What you will do:
Read the records below and report each line in which "this" occurs.

Data below:

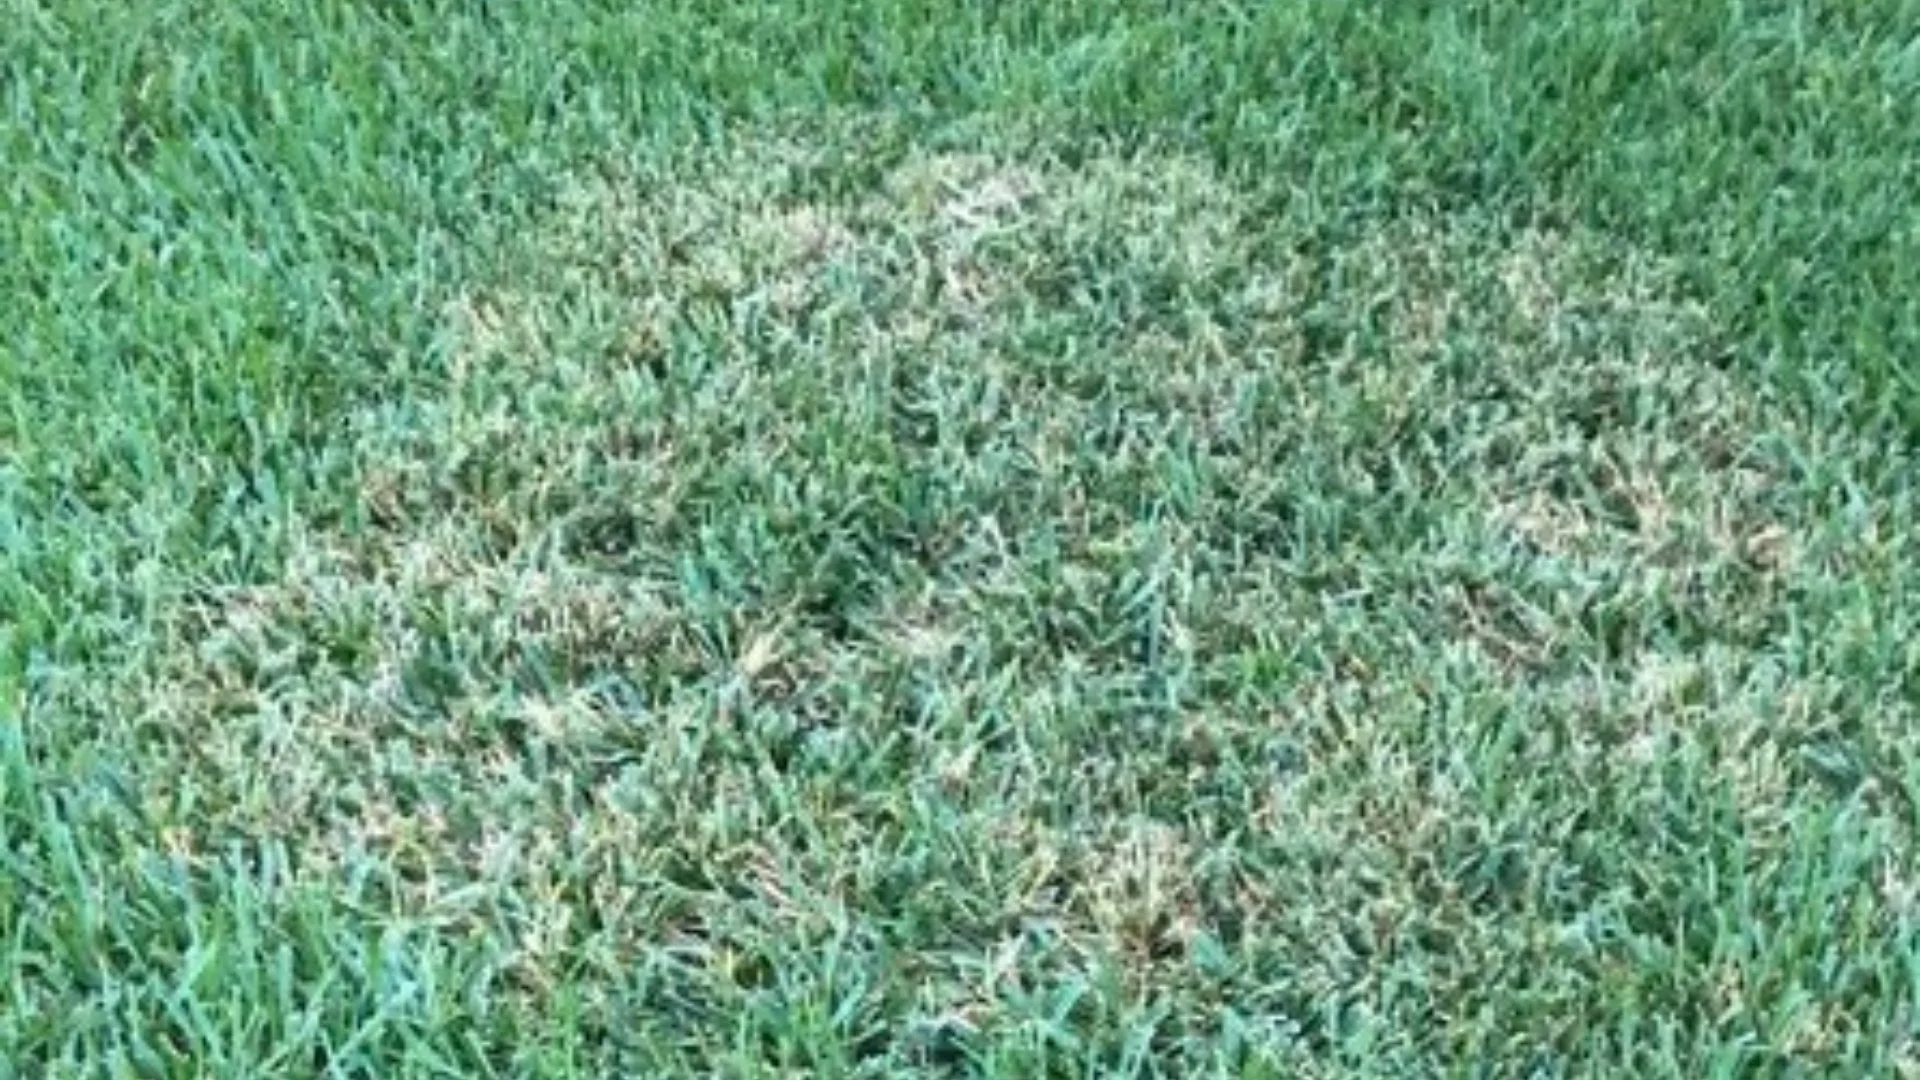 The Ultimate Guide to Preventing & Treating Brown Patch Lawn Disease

End of Data.
Data below:

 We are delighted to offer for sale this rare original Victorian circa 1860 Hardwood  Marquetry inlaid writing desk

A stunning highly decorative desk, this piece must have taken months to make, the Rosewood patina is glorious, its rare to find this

End of Data.

Your solution:
 We are delighted to offer for sale this rare original Victorian circa 1860 Hardwood  Marquetry inlaid writing desk
A stunning highly decorative desk, this piece must have taken months to make, the Rosewood patina is glorious, its rare to find this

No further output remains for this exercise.